Using the Chain Rule: Finding a Derivative

Date: 2/26/96 at 8:47:29
From: Muhammad Momin Rashid
Subject: Derivative

I would like to know the solution to the following:

 d/dx sin(sin (2cos(2x/3))) = ?

Date: 2/28/96 at 11:11:31
From: Doctor Byron
Subject: Re: Derivative

Hi Muhammad,

Finding a derivative like this relies on the use of the 
chain rule:

d/dx(f(g(x)) = g'(x) * f'(g(x))

To apply your problem, we let f(x) = sin(x)
and g(x) = sin(2cos(2x/3))

d/dx(f(g(x)) = g'(x) * f'(g(x)) = d/dx sin(2cos(2x/3)) * cos(sin(2cos(2x/3))
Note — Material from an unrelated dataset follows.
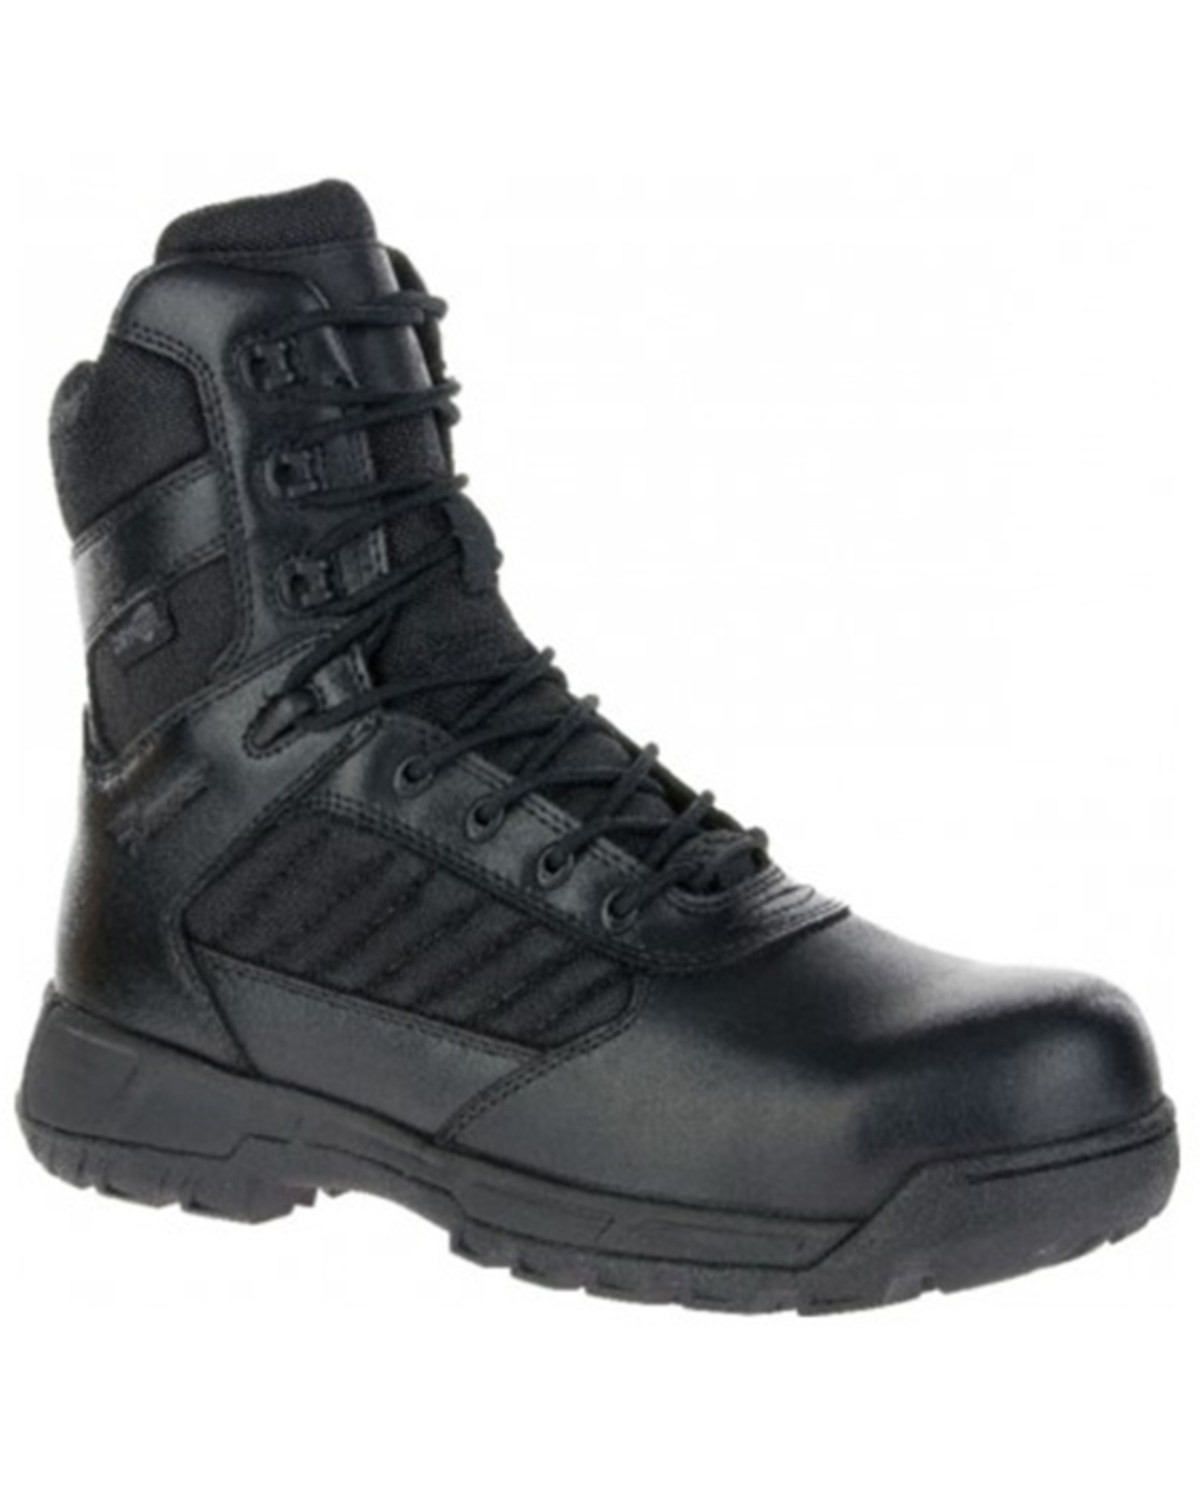 Bates Men's tactical Sport 2 Waterproof Work Boots - Composite Toe

Now we need to expand the first term using the chain rule.  
Apply the chain rule to d/dx sin(2cos(2x/3)) by letting 
h(x) = sin(x) and k(x) = 2cos(2x/3)

d/dx sin(2cos(2x/3)) = k'(x) * h'(k(x)) = d/dx 2cos(2x/3) * cos(2cos(2x/3)) 
= -4/3sin(2x/3) * cos(2cos(2x/3))

Substituting back into what we found before, we see that the 
derivative in question equals:

cos(sin(2cos(2x/3)) * cos(2cos(2x/3)) * -4/3sin(2x/3)

I hope this was helpful.

-Doctor Byron,  The Math Forum